There are sections of the handbook devoted to desktop usage. FreeBSD isn't a desktop system, but it is widely used as a basis for one, and I'm a fan of both the design and the culture. Adding a graphical execution manager to the kernel is currently considered a high priority by the project, so I'd say they're at least minimally aware of and concerned about the desktop. Besides, I've been through-and-through discussions like this for years (haven't we all?), so I hope you can believe me when I say I've got a decent idea of what I'm doing and where I'm going with it, which is basically to improve the user experience for people who choose to use graphical environments with FreeBSD without making any really significant changes (perhaps even no changes!) to the base system, and without introducing anything graphical into the base system. I've finally convinced myself it's possible to do that in a meaningful way.

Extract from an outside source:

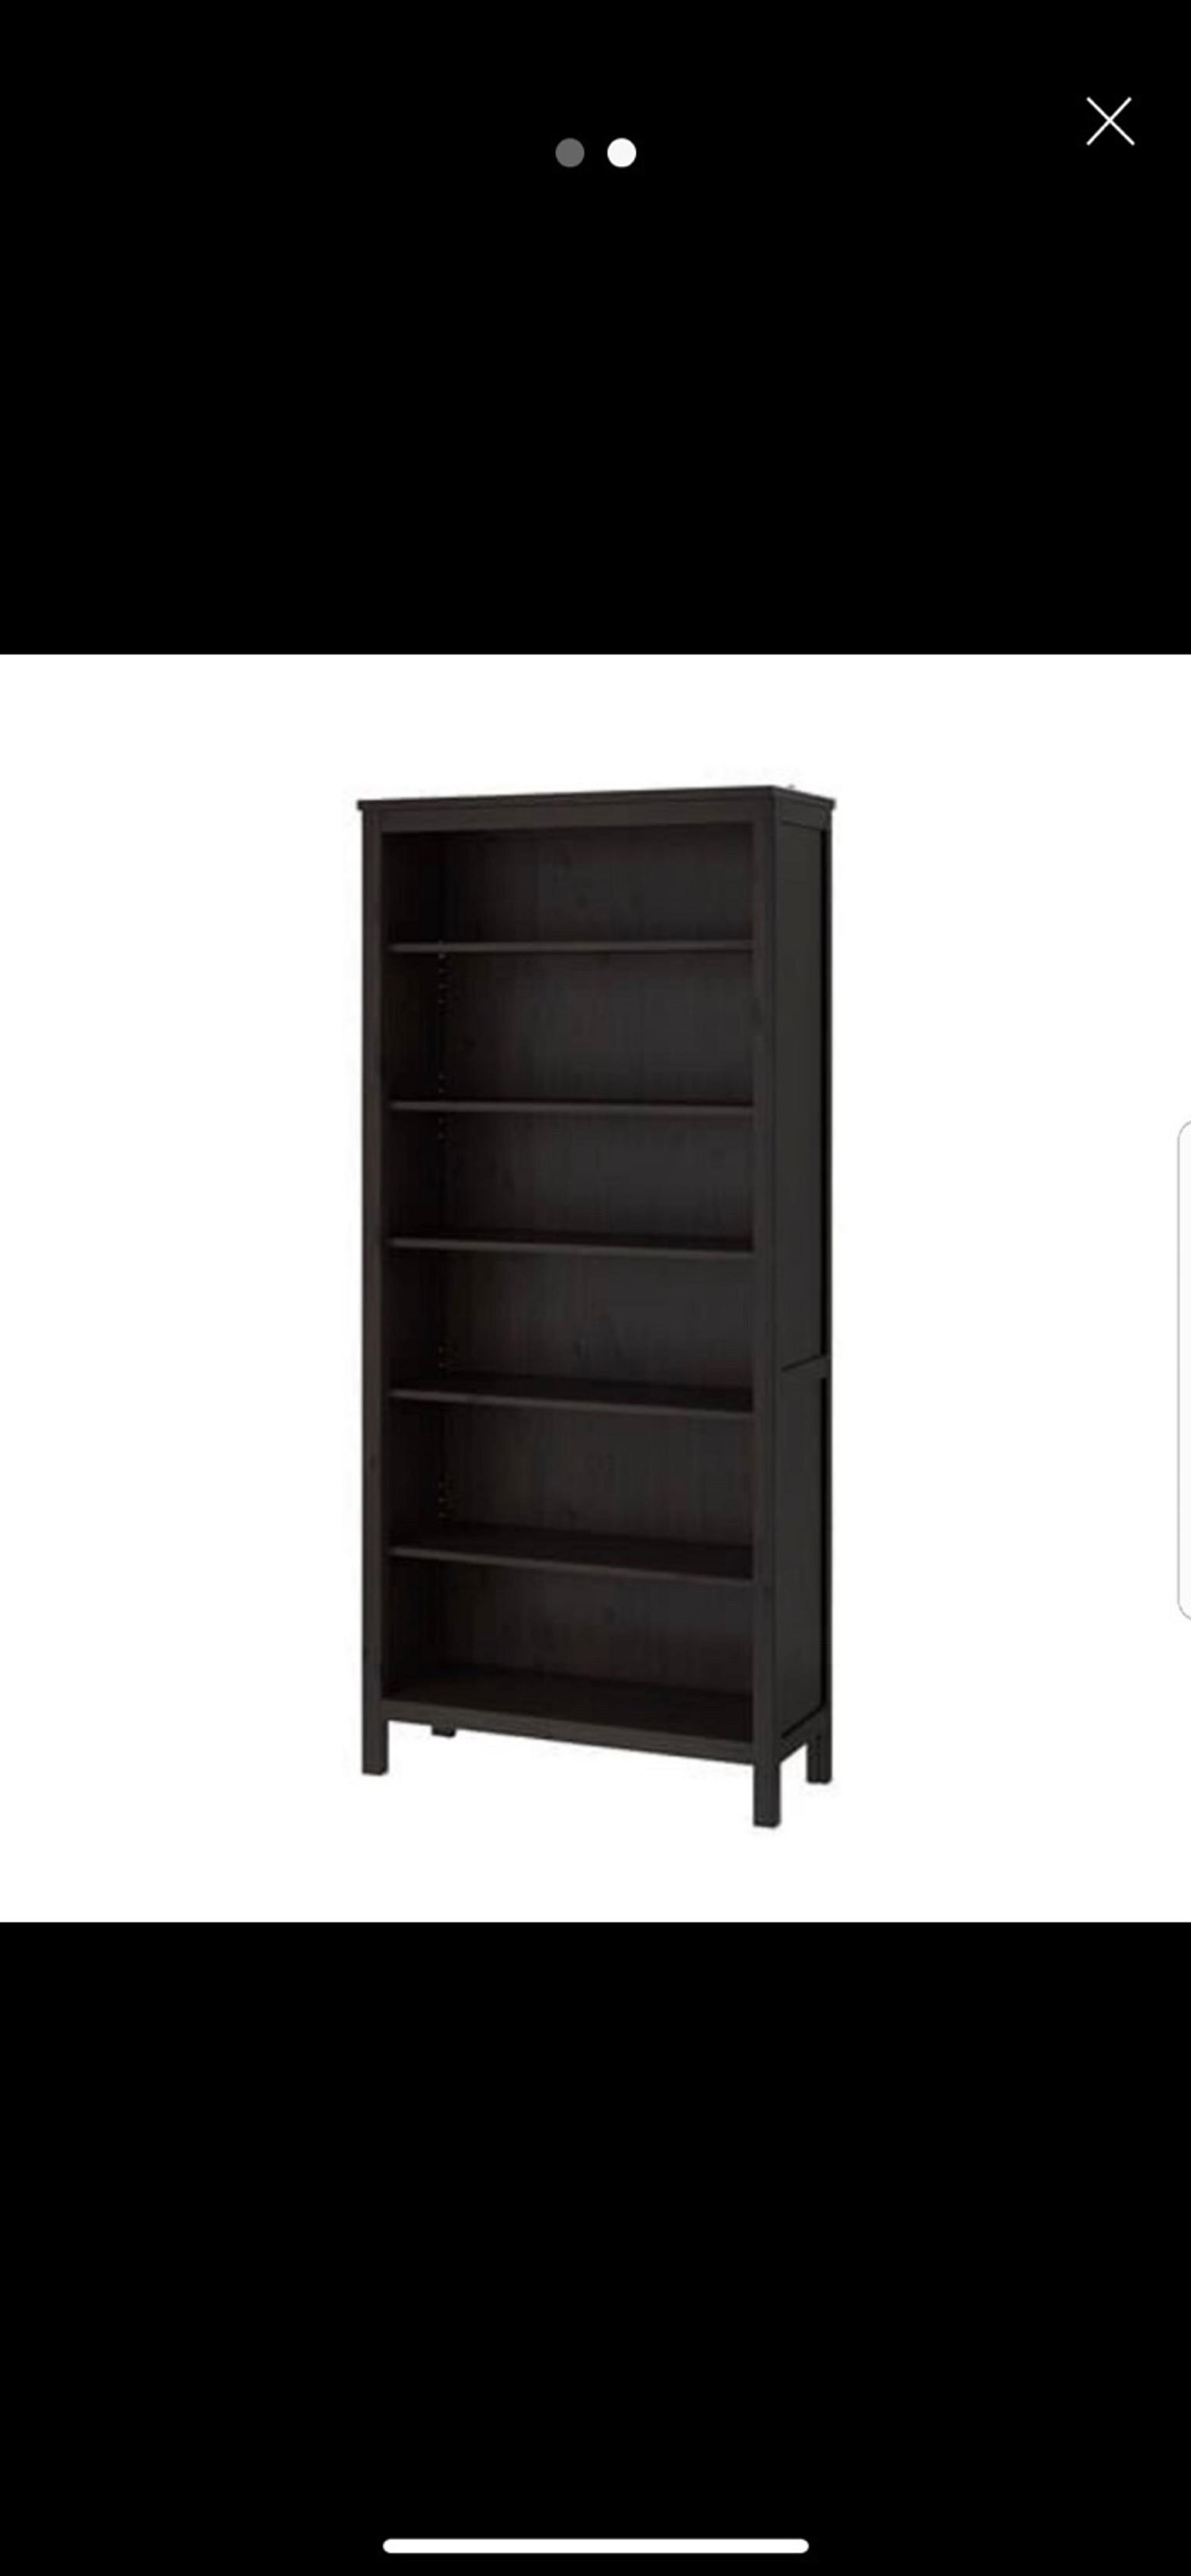 Hemnes Black Brown Ikea Bookshelf In Da8 Bexley Fur 30 00 Zum

The first link, should you read it, isn't just about graphical user environments: it's a change to the wifi authentication method that makes it significantly faster in a majority of cases, and has the potential to improve the end-user experience.

Let me put it this way: The ports tree works just fine. Does that mean portmaster was a waste of time?


----------



## wblock@ (Jul 13, 2011)

The DHCP speedup is interesting, and might be usefully discussed on the freebsd-net mailing list.

Dialogs are specific to applications or desktop environments, not FreeBSD.  For that matter, most users don't read more than the first few words of any dialog, if that. They'll hit Okay just as fast as they can, regardless of the warning.


----------



## DutchDaemon (Jul 13, 2011)

A graphical installer is still not a desktop


----------